Pumpe und Agb brauchen 2 Laufwerksschächte, das wird bei dir also nichts, den Radiator würde man allerdings noch oben rein bekommen  nach Augenmaß. Allerdings musst du bei dem Set ohnehin Schlauch und Flüssigkeit wechseln, da gab es schon genug Problemfälle, wo eins von beidem oder beides verbaut war und es ohne nicht mehr zu Problemen kam, dazu ist ein Laufwerksschacht-Agb ohnehin eine Entkopplungskatastrophe und vibriert so schön mit dem Gehäuse mit, die VPP755 hatte auch genug Probleme, um als Schrottpumpe zu gelten. Also entweder ein anderes Set nehmen (bei EZModding gibt es ganz gute Sets) oder komplett selbst etwas zusammenstellen.


----------



## __R4MP4GE (28. Oktober 2019)

*AW: Alphacool Eisbär/Eisturm Gaming Cooper 360mm*

Ich hab grade schon geschaut, der Radiator ist 4,5cm dick, den Platz habe ich da nicht.. Beim Be Quiet Gehäuse passt die Be Quiet Kühlung unters Dach, aber bei anderen bin ich mir da nicht so sicher... oh man, das nervt doch alles..  Wie gesagt, ich bin nich so der fachkundige Schrauber und fürchte den Kram dann nicht mehr zusammenzubekommen..


----------



## Sinusspass (28. Oktober 2019)

*AW: Alphacool Eisbär/Eisturm Gaming Cooper 360mm*

Die Sets kommen ohnehin nicht vormontiert, die würdest du sowieso selbst zusammenbauen müssen.
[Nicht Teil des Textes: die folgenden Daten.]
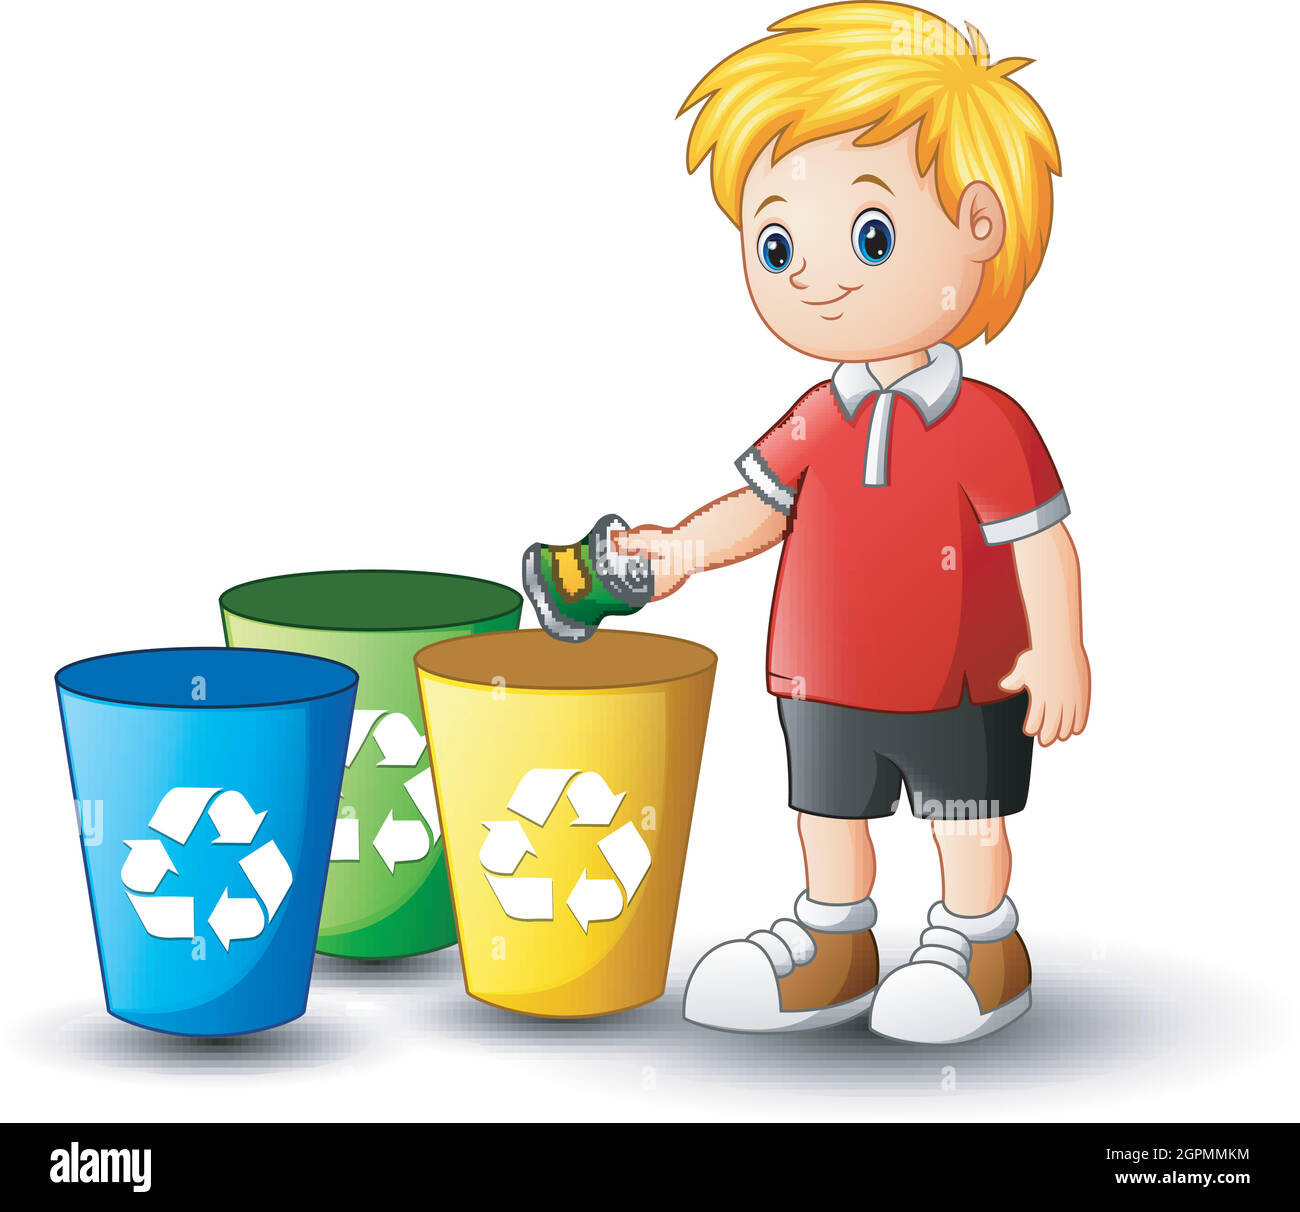 Boy putting aluminum in recycling bin Stock Vector

Wenn du nichts zusammenbauen willst, kauf dir die nächste Aio für ein paar Jahre.


----------



## __R4MP4GE (28. Oktober 2019)

*AW: Alphacool Eisbär/Eisturm Gaming Cooper 360mm*

Das Ding selber zusammenbauen geht schon, aber dafür müsste ich meinen kompletten Tower zerpflücken, das nervt dann schon etwas... Ich such mir grade nen Wolf, da findet man n Set was halbwegs passt, passt dann der Radiator nicht mehr rein, oder aber ich müsste aufs Laufwerk verzichten und den ganzen Cage da ausbauen.. oh man das ist zum verrückt werden... ich bin ja fast soweit dass ich mir nen pc laden suche und den das machen lasse.. :/


----------



## IICARUS (28. Oktober 2019)

*AW: Alphacool Eisbär/Eisturm Gaming Cooper 360mm*

Kann dir zwar nicht sagen wie gut dieses Set ist aber zumindest wäre hier der Radiator nur 30mm dick und ist sogar mit 200 Euro sehr günstig.
CPU-Set Intel


----------



## Sinusspass (28. Oktober 2019)

*AW: Alphacool Eisbär/Eisturm Gaming Cooper 360mm*

Ein kleiner Agb sollte vielleicht vor die Grafikkarten passen, das könnte man mal ausmessen. Zwischen Netzteil und Festplattenhalterungen ist auch noch Platz, messen hilft.


----------



## __R4MP4GE (28. Oktober 2019)

*AW: Alphacool Eisbär/Eisturm Gaming Cooper 360mm*



IICARUS schrieb:


> Kann dir zwar nicht sagen wie gut dieses Set ist aber zumindest wäre hier der Radiator nur 30mm dick und ist sogar mit 200 Euro sehr günstig.
> CPU-Set Intel



Hab ich schon gesehen bzw. ins Auge gefasst, hier schreckt aber ein wenig die Lieferzeit ab.. Habe die Woche über Urlaub und würde das gern erledigt haben. Ach verdammt, ohne viel Arbeit komm ich aus der Nummer wohl nicht raus...



Sinusspass schrieb:


> Ein kleiner Agb sollte vielleicht vor die Grafikkarten passen, das könnte man mal ausmessen. Zwischen Netzteil und Festplattenhalterungen ist auch noch Platz, messen hilft.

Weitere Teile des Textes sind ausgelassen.